Uncle Jimmy, pb. 1922

Mister Pitt, pr. 1924

Evening Clothes, 1932

The Sophisticates, 1938

Poetry:

The Secret Way, 1921

Nonfiction:

Portage, Wisconsin, and Other Essays, 1928

Frank Miller of Mission Inn, 1938

Bibliography

Benchley, Robert C. Foreword to Miss Lulu Bett, by Zona Gale. New York: D. Appleton, 1921. Assesses the play’s place in American theater.

Derleth, August. Still Small Voice: The Biography of Zona Gale.
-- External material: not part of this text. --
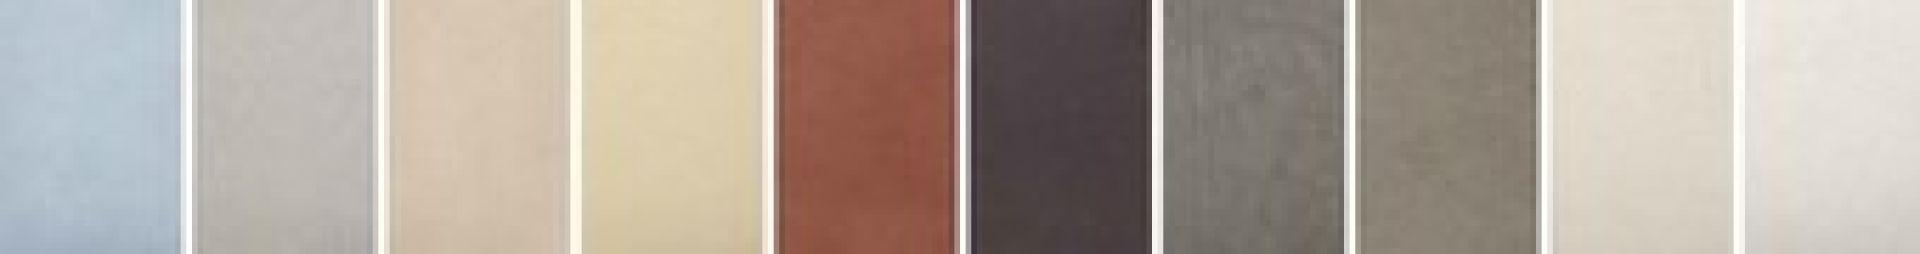 Nuancier De Couleurs Béton Ciré Weber Floor 4650

New York: D. Appleton Century, 1940. A balanced and sympathetic account of Gale’s life and literary career.

Forman, Henry James. “Zona Gale: A Touch of Greatness.” Wisconsin Magazine of History 46 (1962): 32-37. Provides perspective on Gale’s personal interests, including her attraction to mysticism.

Herron, Ima Honaker. “Crusaders and Skeptics.” In The Small Town in American Literature. Durham, N.C.: Duke University Press, 1939. Examines Gale’s career in terms of her depictions of small-town life and discusses the shift in tone from her early to her late works.

Simonson, Peter Harold. Zona Gale. New York: Twayne, 1962. A reevaluation of Gale’s legacy, discussing her stylistic development and thematic concerns.